Clark sucks. We don’t know precisely how, yet - what specific flavor of suck he is - but the premiere episode’s later revelations hardly come as a surprise. When he tells Floyd (David Harbour) about the titular app that helps you “spice it up” by connecting you with commitment-free extramarital sex, I wanted to roll my eyes. It just… sounded exactly like something a recumbent biker would say. Not just the cheating part, but the spice bit. The way he makes it sound so aspirational, while simultaneously hiding his confession to his friend while sitting on his children’s swing set. Even the fact that he wants to share this experience with his friend is sus, as if convincing Floyd to join him on this spice adventure will normalize it or halve his shame somehow.

Before I watched DTF: St. Louis, I’d never given much thought to reclined cycling as a personality trait, and realistically, I harbor no ill will toward its aficionados. Cardio exercise that’s gentle on the joints is a good thing! So why did it immediately leave a bad taste in my mouth? I workshopped this argument on Podjiba this week, and I think the reason is that they’re ostentatious. With price tags in the thousands, not just any joint-sensitive cyclist can own one, which means standing out is both inevitable and, I imagine, the point. Otherwise, you’d just get a recumbent exercise bike for a couple hundo and stay home. They’re not for transport, they’re for being noticed while travelling. Clark’s bike even has a jaunty little flag and two water bottles on display, and yet his helmet is so loosely clasped it may as well be a bandana. The specificity of those details, the performative safety of it all, is pitch-perfectly unserious.

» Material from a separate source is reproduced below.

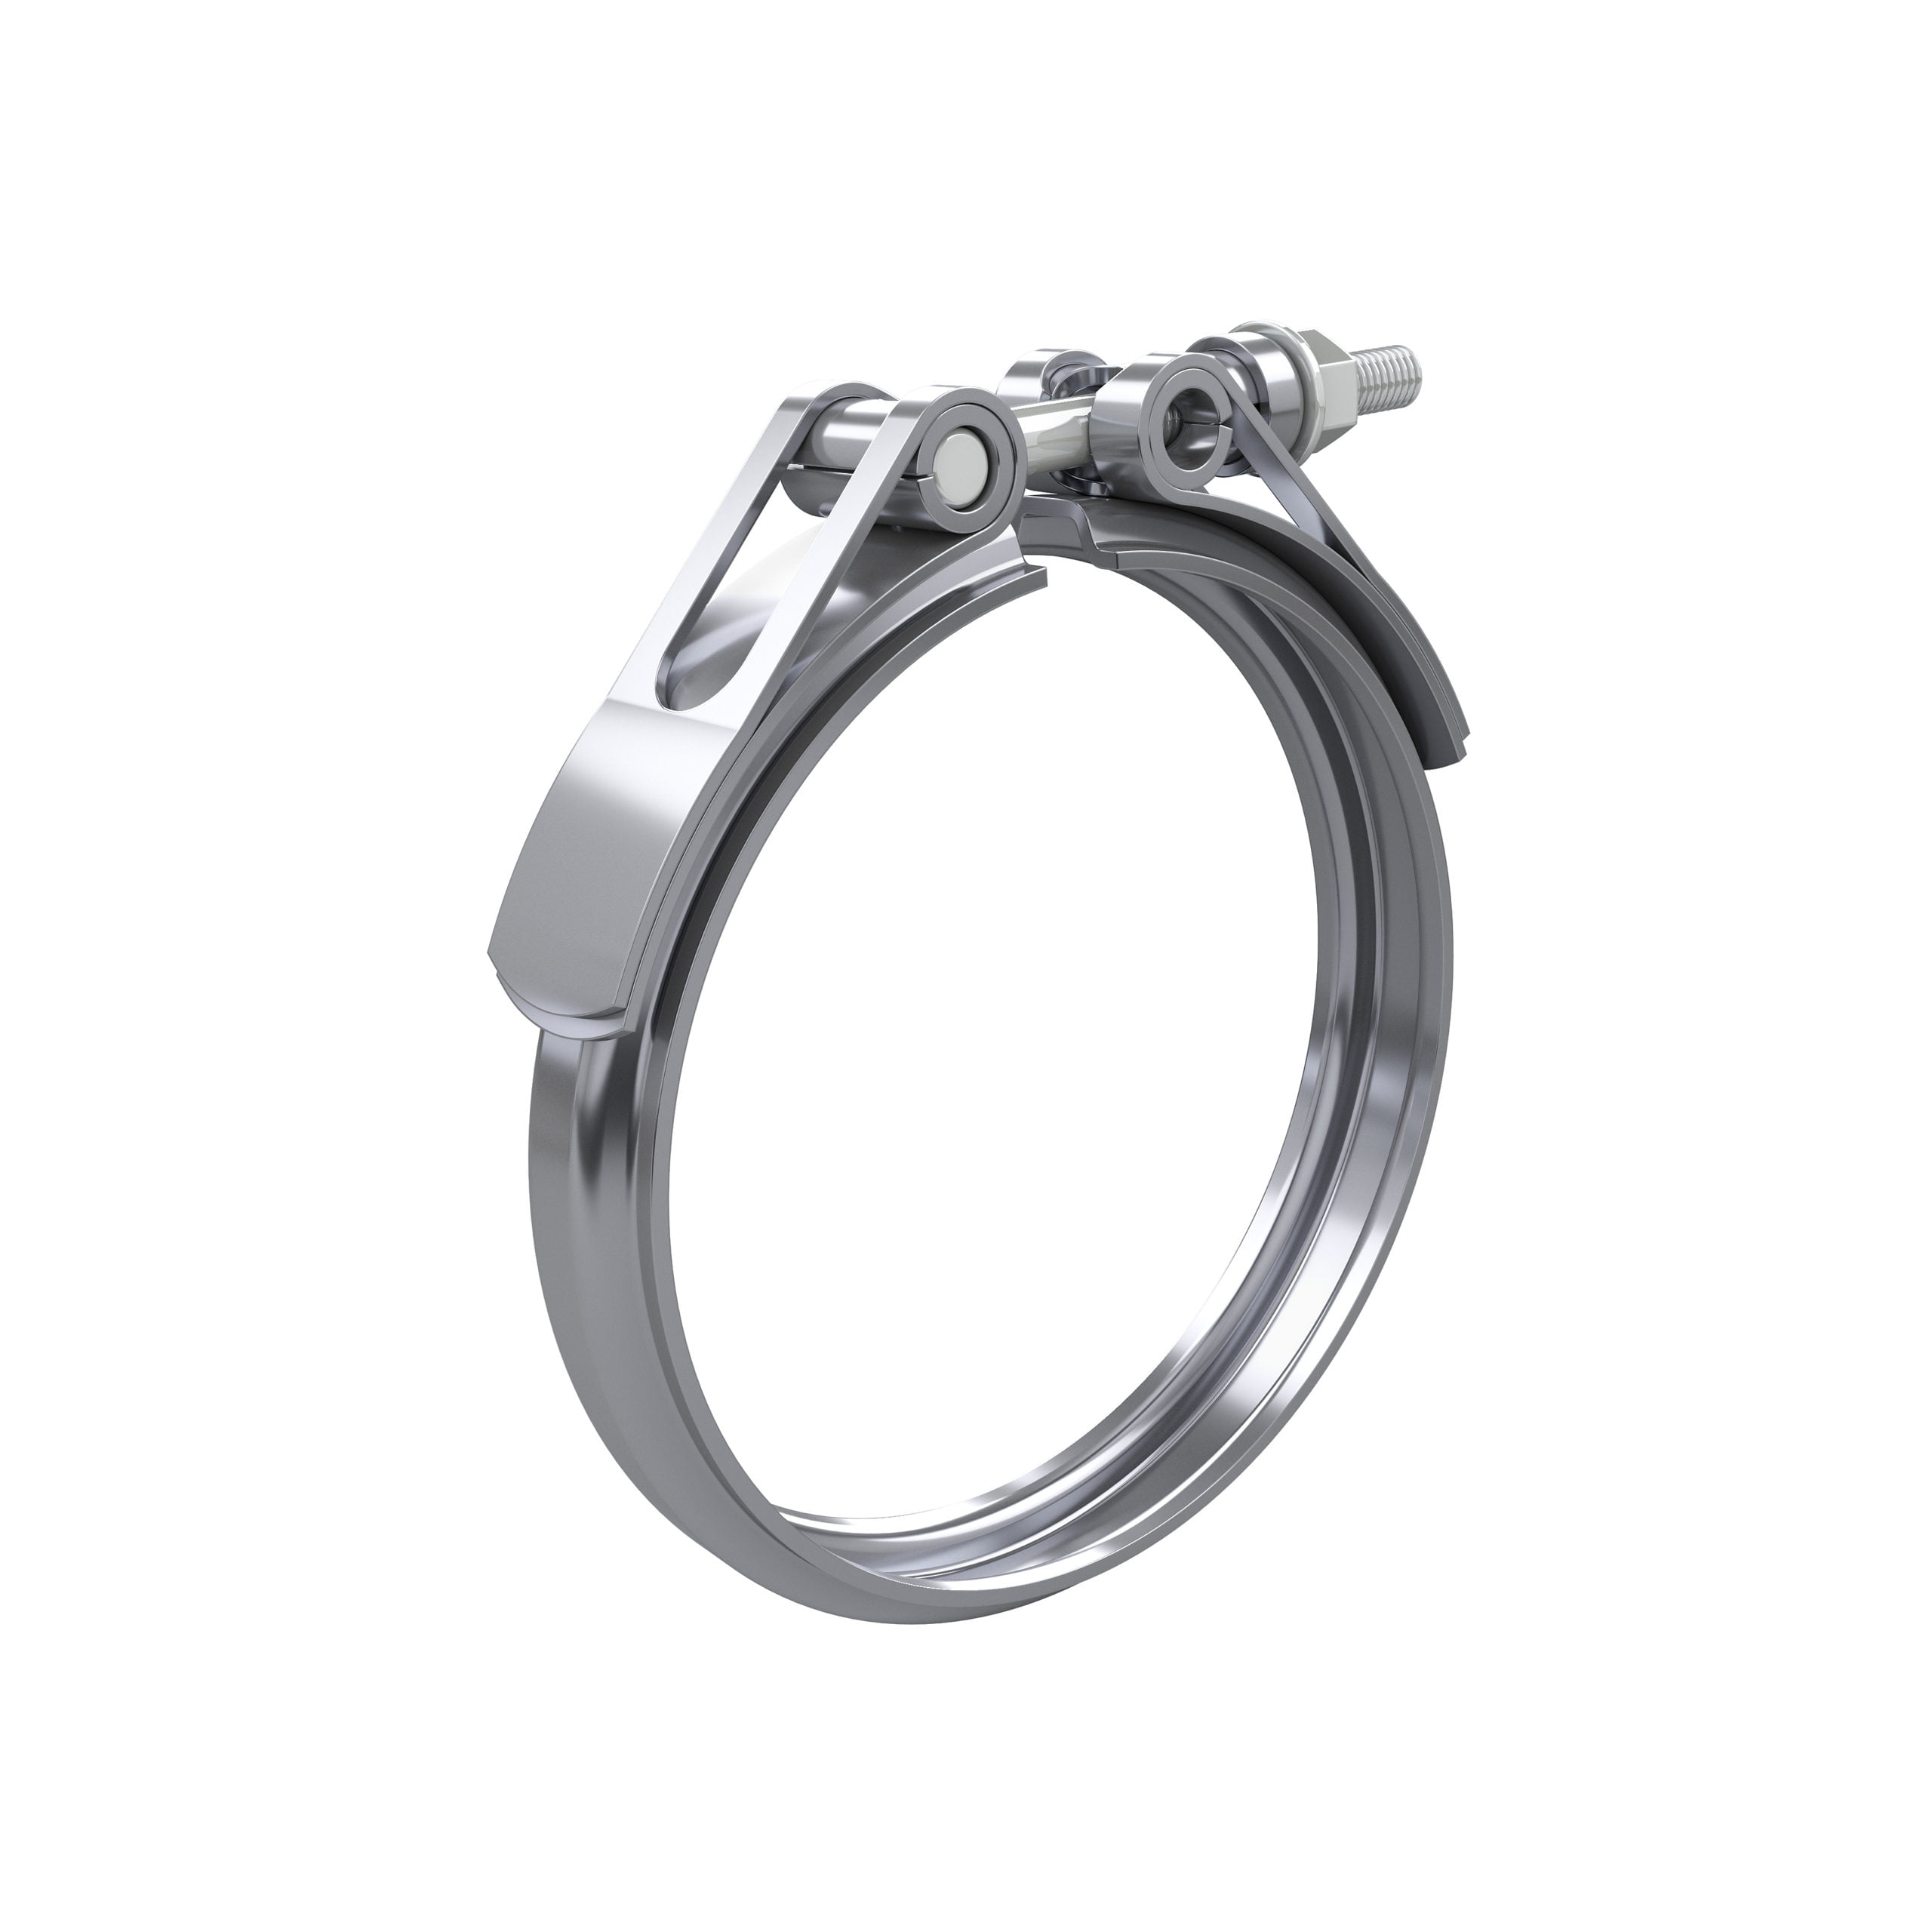 1 segment ring clamp
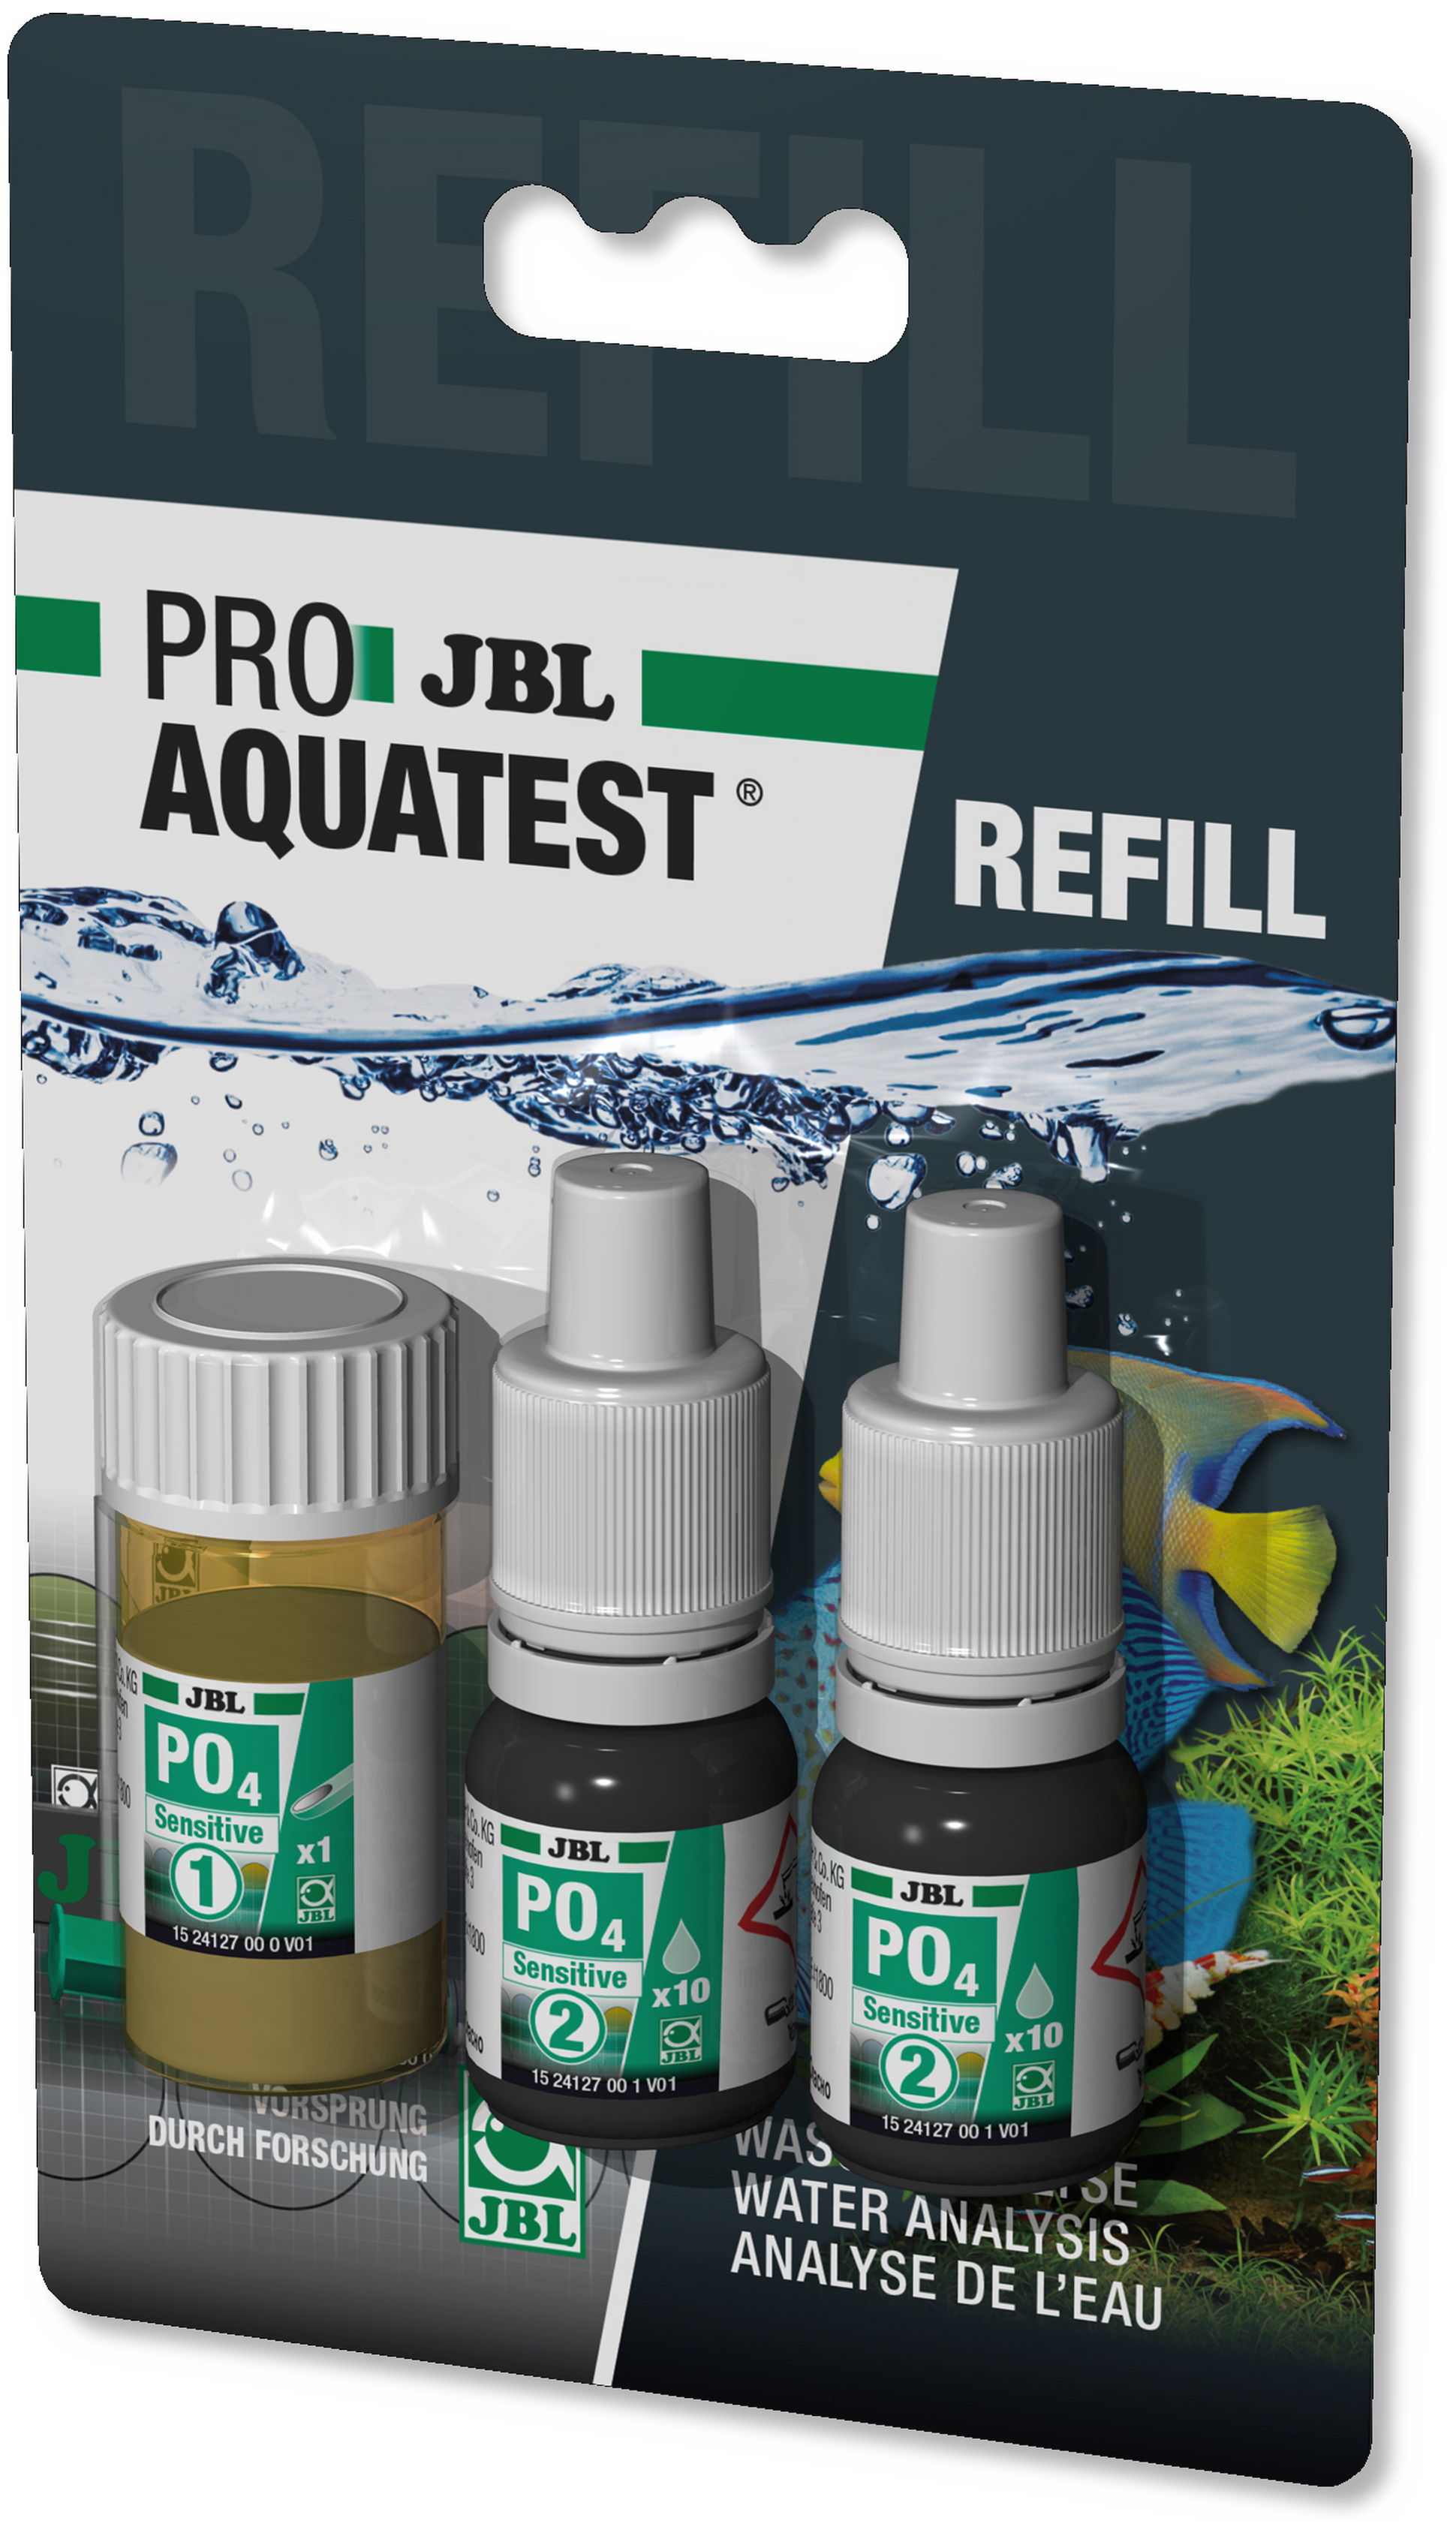 JBL PROAQUATEST PO4 Phosphat Sensitive Refill

Clark, by the way, is the only person in the St. Louis area to buy a recumbent bike, and in fact, he bought two, which becomes a whole plot point as the show shifts from suburban drama to murder mystery. And that brings me to the second reason Clark toodling around on his little recumbent bike is a brilliant character introduction: it both telegraphs that he sucks and also that he couldn’t possibly be a murderer. By the end of the premiere, Clark is in police custody for the poisoning of Floyd, and yet after the first 30 seconds we, the audience, know he’s innocent. Not just because it would be a pretty boring show if the first suspect was the killer, but because… Why would a man so unwilling to aggravate his knees risk hard time? Why would a guy so used to garnering attention do something he wouldn’t want to be identified for?

Sure, I bet Clark didn’t do it because that would be too obvious, from a story structure point of view, but mostly it’s because that’s not his flavor of suck. I just don’t think recumbent cyclists are on the “murder sucking” end of the suck spectrum, although I’ll admit I haven’t given this issue an enormous amount of thought. Maybe the show will throw us a curve and prove that Clark used his daring nature to navigate traffic from a comfortable position and to plan the perfect crime.